Why This Comparison Exists

Praluent and losartan both sit under the cardiometabolic umbrella, yet they attack entirely separate pathways. Praluent binds and degrades proprotein convertase subtilisin/kexin type 9 (PCSK9), which increases hepatic LDL receptor recycling and drops circulating LDL cholesterol. Losartan blocks the angiotensin II type 1 receptor, reducing vasoconstriction and aldosterone secretion to lower blood pressure.

The overlap is not pharmacologic. It is practical. Patients with metabolic syndrome, type 2 diabetes, or established atherosclerotic cardiovascular disease (ASCVD) often carry both dyslipidemia and hypertension simultaneously. Clinicians managing these patients evaluate cost, access barriers, and formulary placement for every agent in the regimen. A 2019 analysis in the Journal of the American Heart Association found that medication cost was the single strongest predictor of non-adherence in patients prescribed four or more cardiometabolic drugs [1]. Choosing between a $487-per-month biologic and a $4-per-month generic may not be a clinical question, but it is absolutely a treatment-planning question. The two drugs are not substitutes for each other. They are co-travelers in the same patient's pill organizer, and cost pressure on one can affect adherence to the other.

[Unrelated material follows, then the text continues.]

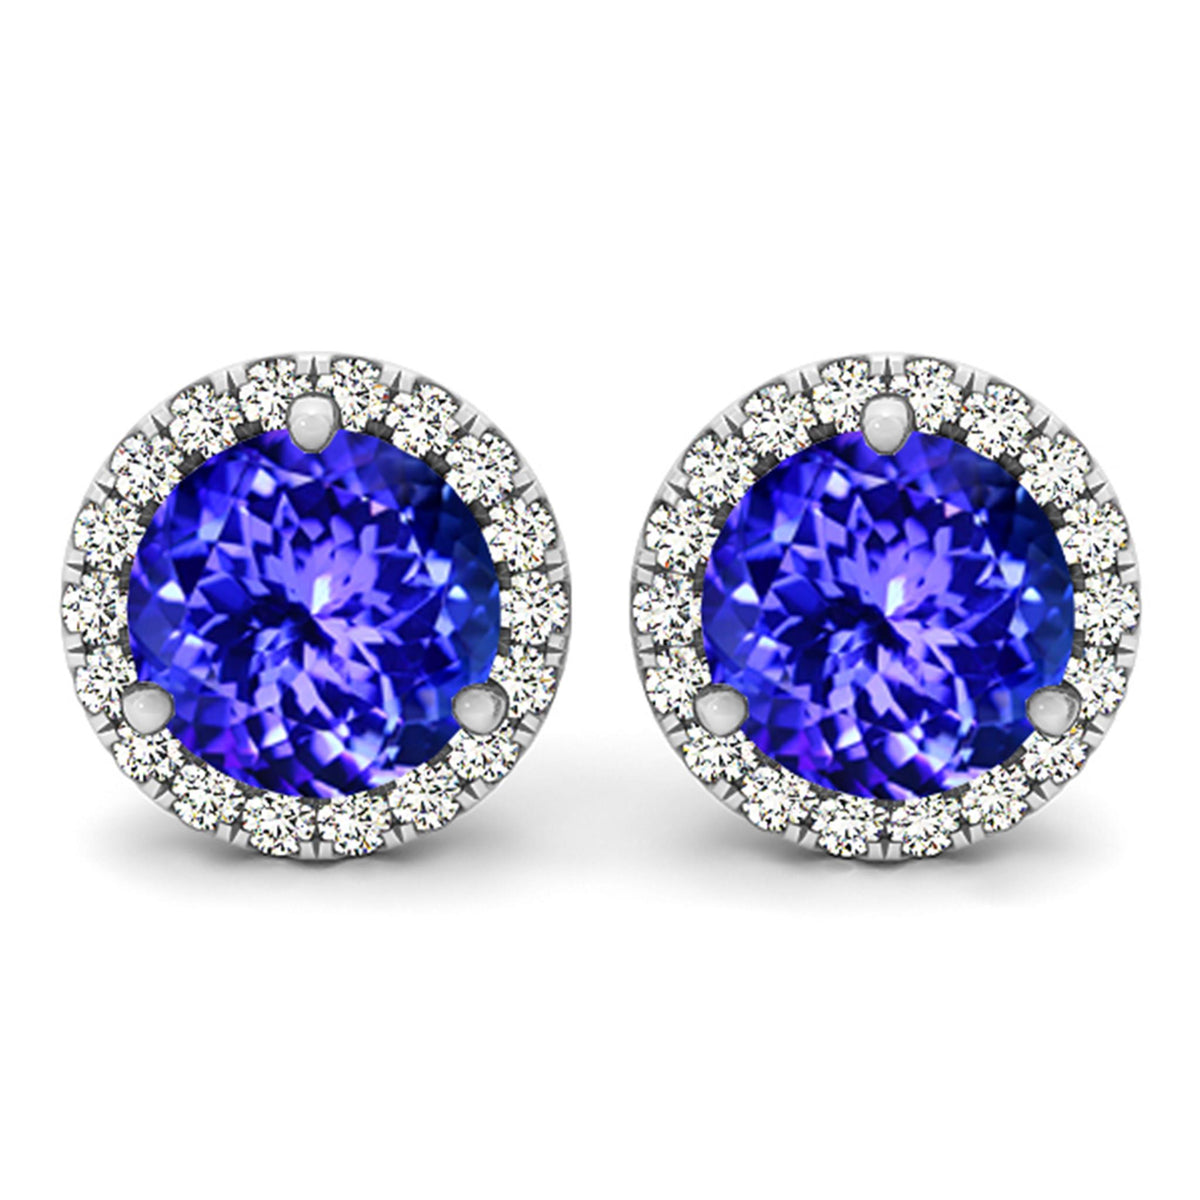 18Kt White Gold Halo Earrings Gemstone Earrings With 1.80ct Tanzanites

Mechanism and Clinical Positioning

Alirocumab earned FDA approval in July 2015 for adults with heterozygous familial hypercholesterolemia (HeFH) or clinical ASCVD who need additional LDL lowering beyond maximally tolerated statin therapy. Its mechanism is precise: by binding circulating PCSK9 protein, alirocumab prevents the lysosomal degradation of LDL receptors on hepatocyte surfaces, increasing receptor density and LDL-C clearance from the bloodstream [2].

Losartan received FDA approval in 1995 for hypertension and later gained indications for diabetic nephropathy and stroke-risk reduction in patients with left ventricular hypertrophy. It competitively blocks angiotensin II at the AT1 receptor, reducing peripheral vascular resistance without the dry cough associated with ACE inhibitors [3]. These are fundamentally different drugs targeting different risk factors. A patient may need both. No patient needs to choose between them for the same indication.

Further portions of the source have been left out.